What reportedly has the White House more concerned about their political prospects, and likely rightly so, is the looming UAW strike. With impacts not only to the big automakers but also the constellation of suppliers and communities around the auto industry, pressures from business, labor, and environmentalists will weigh on how the administration navigates this strike. A tenuous economic picture remains, with inflation numbers remaining somewhat stubborn, a murky path ahead for interest rates, and Americans’ wage growth (and sense of economic well-being) still lagging.

Despite the domestic and economic concerns, President Biden returned from the G20 summit in India and meetings in Vietnam, highlighting the successes at the summit and the elevation of ties with Hanoi. Conventional political wisdom, however, tells us that foreign policy does little to change the kitchen table discussion.

This week, the National Defense University’s PRISM Journal published Joshua C. Huminski’s–the Director of the Mike Rogers Center for Intelligence & Global Affairs–article on the U.S.’s use of strategic intelligence in advance of Russia’s expanded invasion of Ukraine. Huminski argues that this latest campaign reflected lessons of past intelligence failures, and also holds insights for the future. 

Huminski also published a piece in the Hill in response to presidential candidate Vivek Ramaswamy’s arguments that supporting Ukraine is not in America’s national interest. Rather than dismiss his claims, Huminski suggests it is better to make the case why seeing Kyiv achieve victory is in America’s domestic and international strategic interests. 

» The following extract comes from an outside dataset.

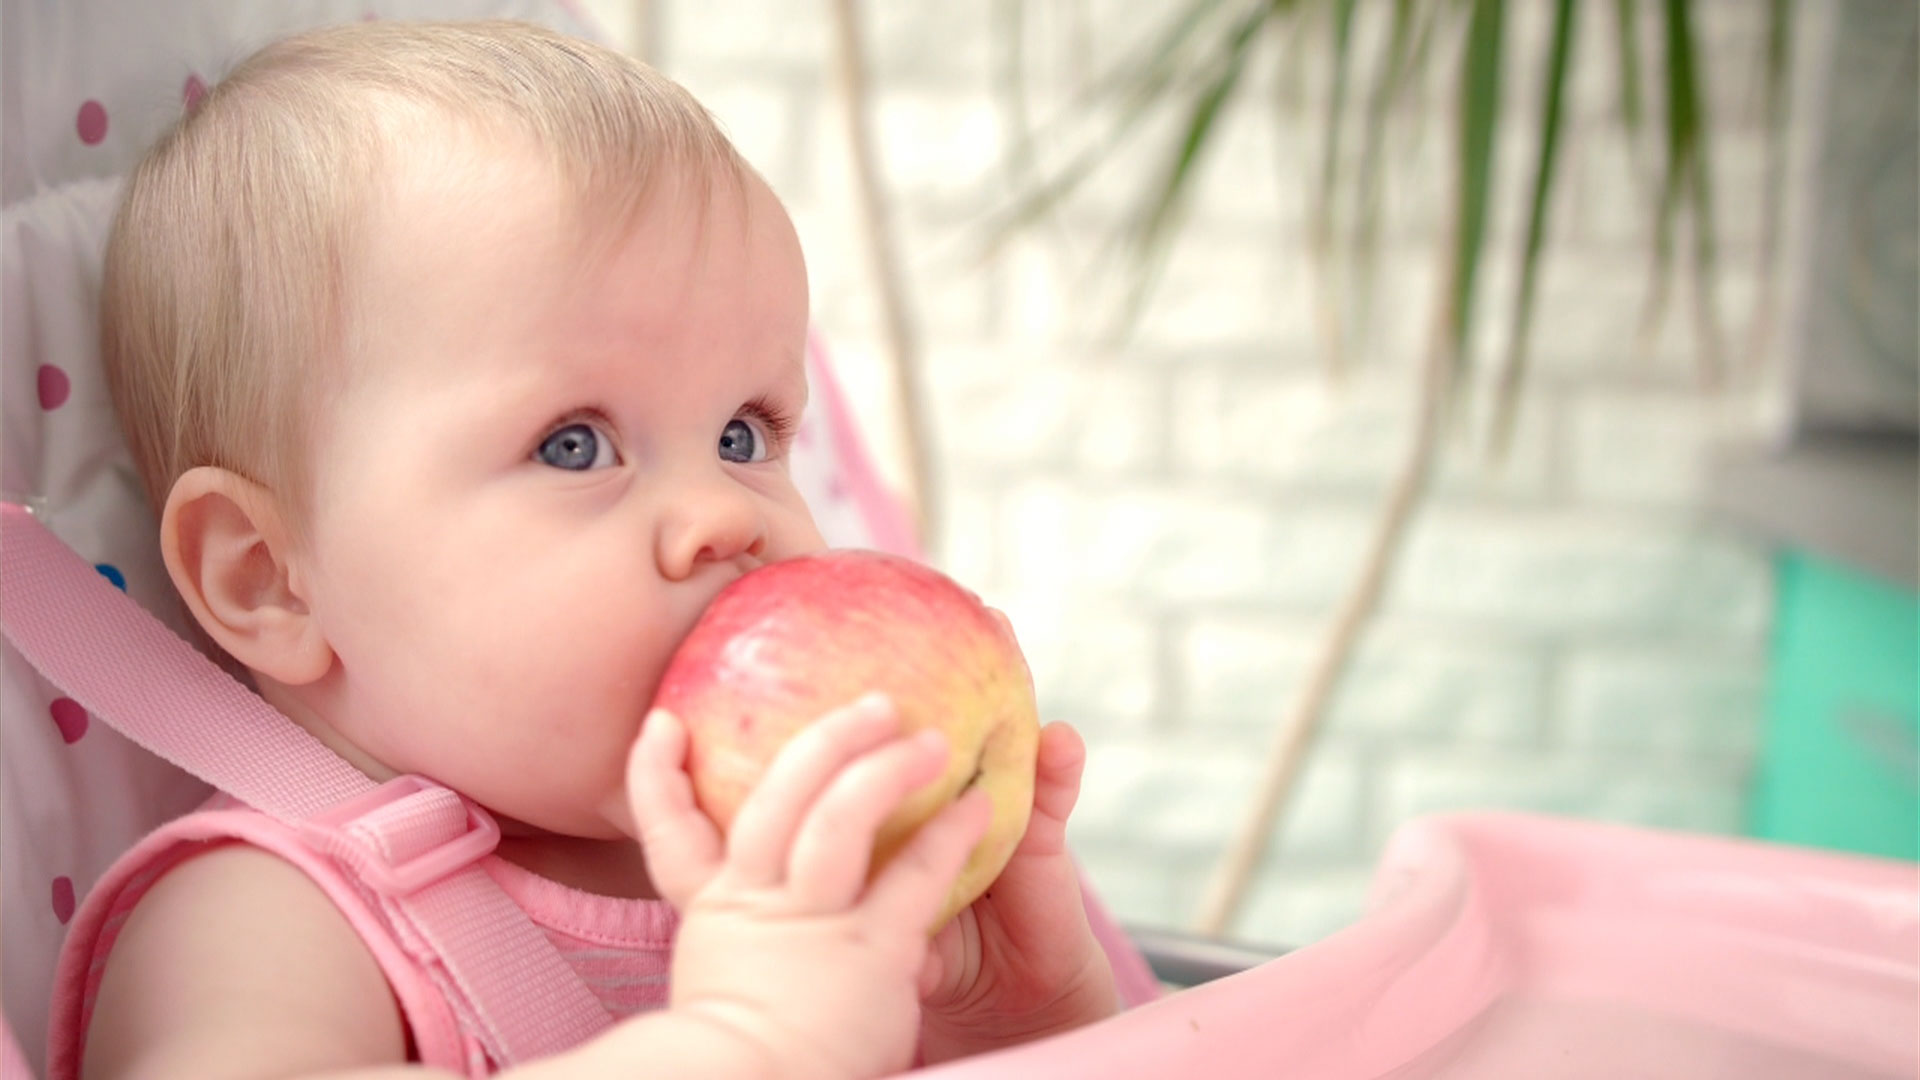 Baby eating apple

On Saturday, the Diplomatic Courier released Huminski’s dual review of “Korea” by Victor D. Cha and Ramon Pacheco Pardo, and “The SIster” by Sung-Yoon Lee, which offer a fresh look at the shared past and divergent futures of North and South Korea. 

In this week’s roundup, Dan Mahaffee talks about the importance of right-sizing our perceptions of China and thus the policy response, with a particular eye to their economy and our policy responses. Ethan covers the measures being undertaken by allies to improve their defenses as well as the industrial and logistical foundations underpinning them. Hidetoshi Azuma provides an analysis of the Japanese Prime Minister Fumio Kishida’s new cabinet following the latest cabinet reshuffle on September 13.


Right-Sizing China Expectations

Dan Mahaffee

In geopolitics or business, there tends to be a “goldilocks problem” with evaluating the risk or opportunity when dealing with foreign countries—is our perception of their threat too big, too small, or just right? If not the security balance, then what of the economic opportunity? Part of this is our own perceptions, or or even jockeying in favor or against say defense spending or economic engagement, and part of this is of course the whipsawing between various extremes, with equilibrium somewhere in the middle. Nowadays, this is most often apparent in the rhetoric we hear about China, both in terms of the military balance as well as the nation’s economic outlook. While the former is something that we can dive into in terms of China’s evolving and strengthening military (albeit one that has never carried out a joint operation), the latter is worth considering in terms of the U.S.-China economic relationship, the future of China’s growth, and the economic foundation for the aforementioned military power.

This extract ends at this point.